Querying EMaps from VIATRA Query patterns

Here is an example query to extract the key-value pairs from an EMap:

  pattern emapPattern(K : EString, V : EString) {
    EMapTestElement(M); 
    EMapTestElement.map(M, Map); 
    EStringToEStringMap.key(Map, K);
    EStringToEStringMap.value(Map, V);
  }

Parts of this overview are based on the http://wiki.eclipse.org/index.php/EMF-FAQ#How_do_i_create_a_Map_in_EMF.3F page.


Recursive queries in VIATRA Query

As explained on the query language introduction page, VIATRA Query supports pattern composition via the find keyword. Does it support recursive composition, i.e. a pattern calling itself, or multiple patterns cyclically referencing each other? Yes, it does, albeit with limits. The situation is complicated, as described below; see #Summary and suggestions for an executive summary.
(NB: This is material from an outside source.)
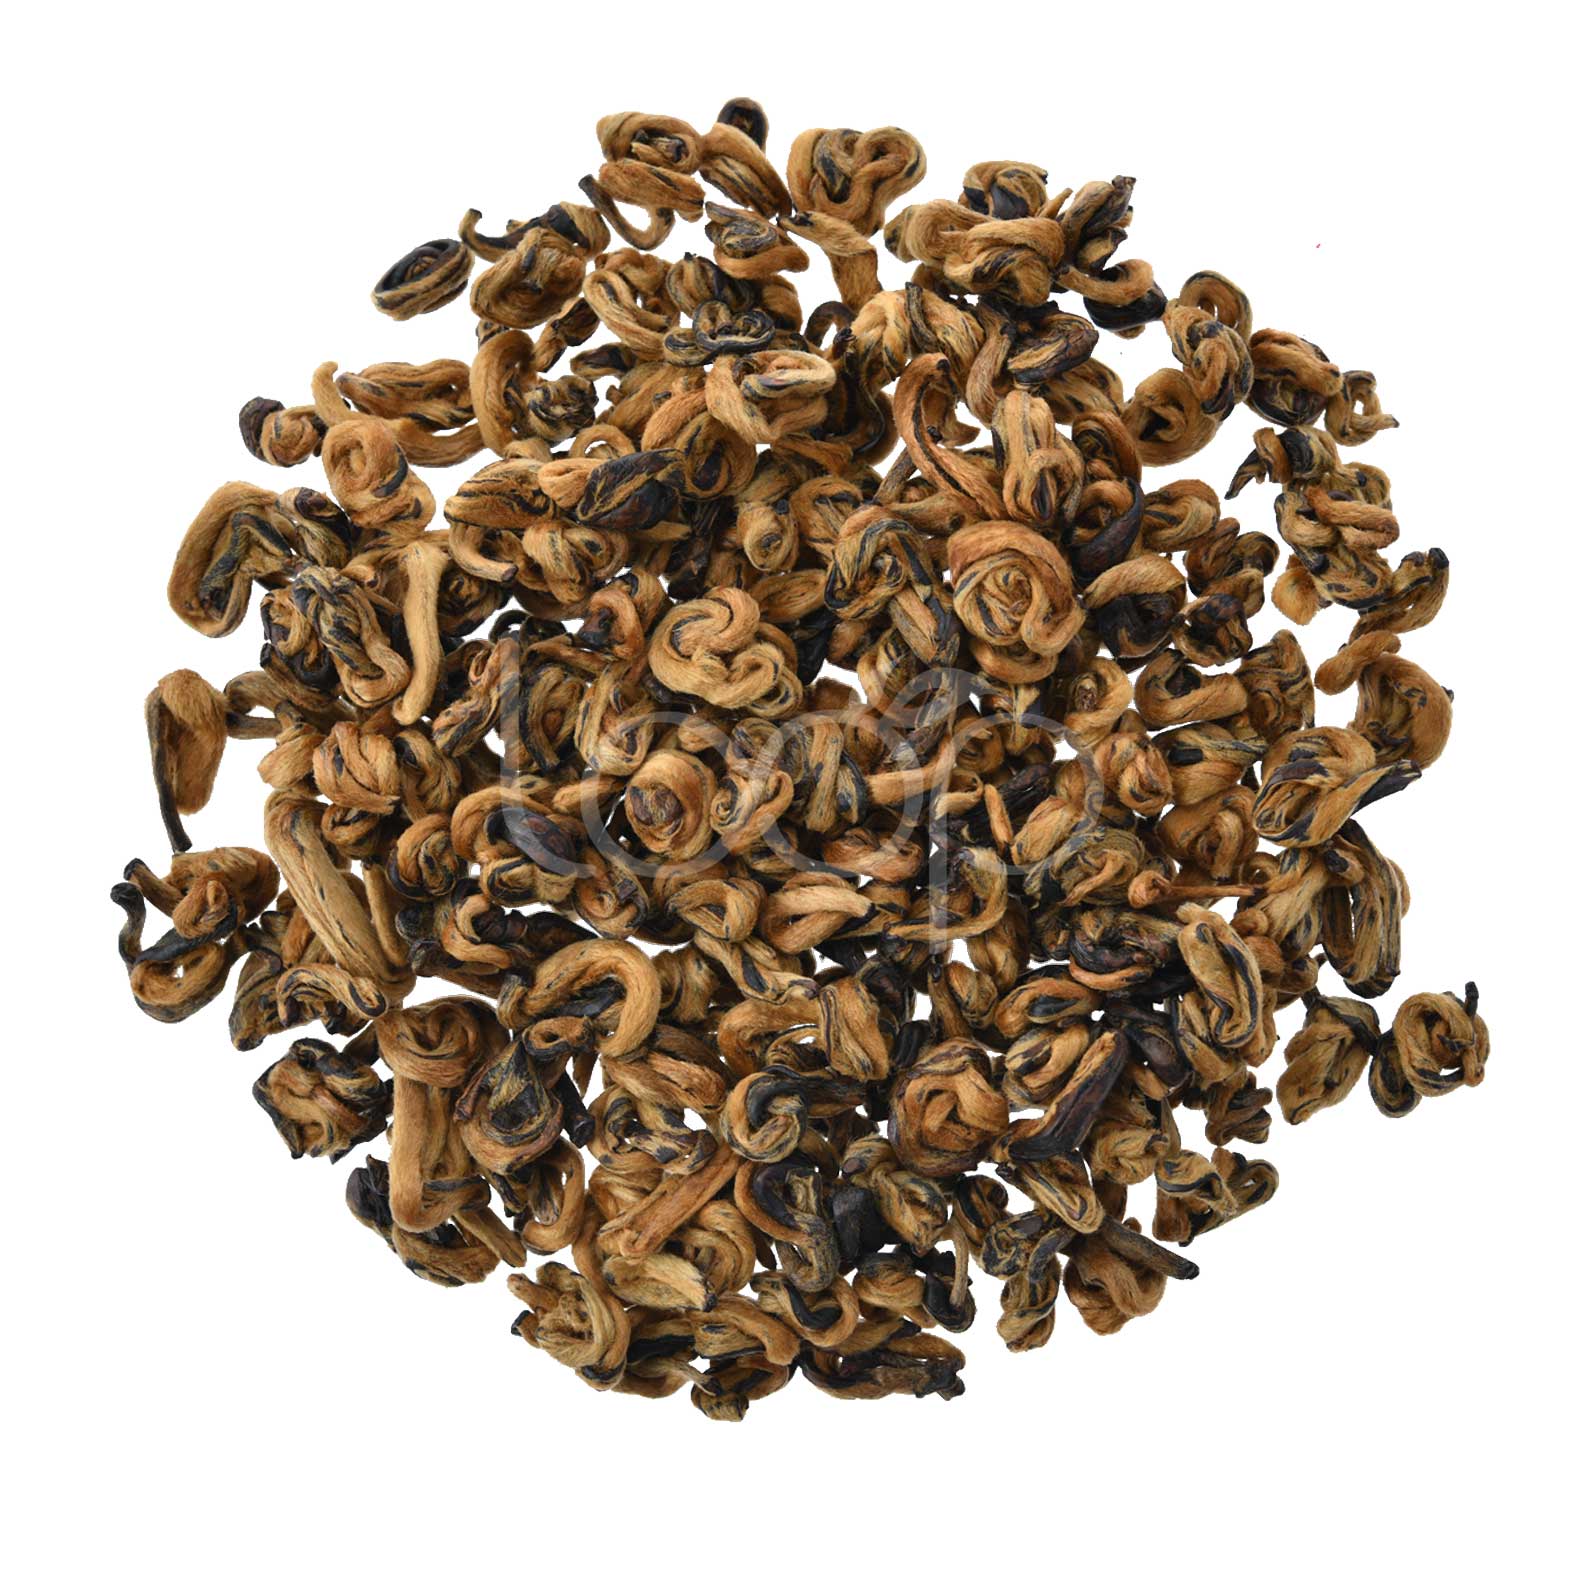 OEM Manufacturer Organic Lapsang Souchong Tea - Golden Spiral Tea China Black Tea #1 – Goodtea

Motivating positive recursion

First of all, there are cases where recursion is plain nonsense, such as this query:

pattern meaningless(x) = { neg find meaningless(x); }

For every choice of value of the variable x, it is a match of pattern meaningless if and only if it is not a match of the same pattern. It is easy to see that this is a contradiction - do not expect VIATRA Query to be useful for evaluating such queries.
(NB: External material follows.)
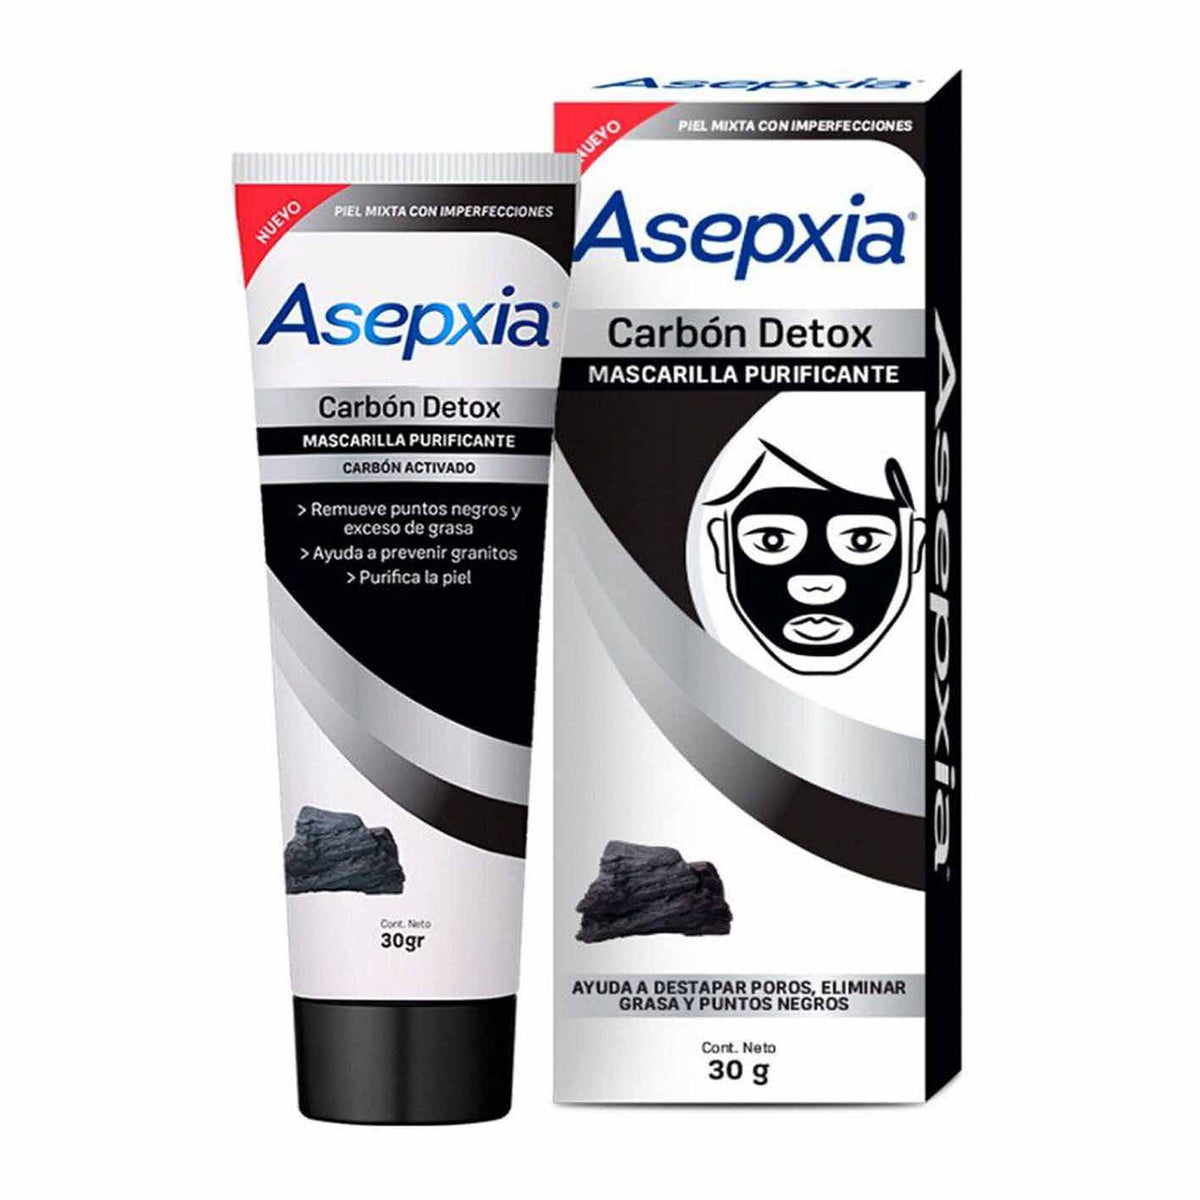 Asepxia Mascarilla Purificante Carbón Detox

To avoid such contradictions, VIATRA Query supports positive recursion only, i.e. patterns referencing themselves or each other cyclically, solely by positive find pattern calls, never by negation (neg find) or aggregation (count find). (In mathematics, this property is called stratification.) Positively recursive queries are always meaningful - unfortunately, they still will not work in all cases, as explained below.

From this point onward, the discussion will be restricted to stratified / positive recursion.

Well-founded recursion

Suppose that we have elements of type Node forming a containment hierarchy of parents and children, and we want to assign them qualified names composed from their simple names and and the name of their parent. Let's see the following recursive pattern:

pattern qualifiedName(node : Node, name) = { 
    // for a child element, compose from parent's qualified name
    find parent(node, parentNode);
    Node.simpleName(node, simpleName);
    find qualifiedName(parent, parentName); // recursive call
    name == eval (parentName + "." + simpleName);
  } or { 
    // for a root element, just use the simple name
    neg find parent(node, _anyParent);  // has no parents
    Node.simpleName(node, name);
  }

This is an example of correct usage of recursion in VIATRA Query.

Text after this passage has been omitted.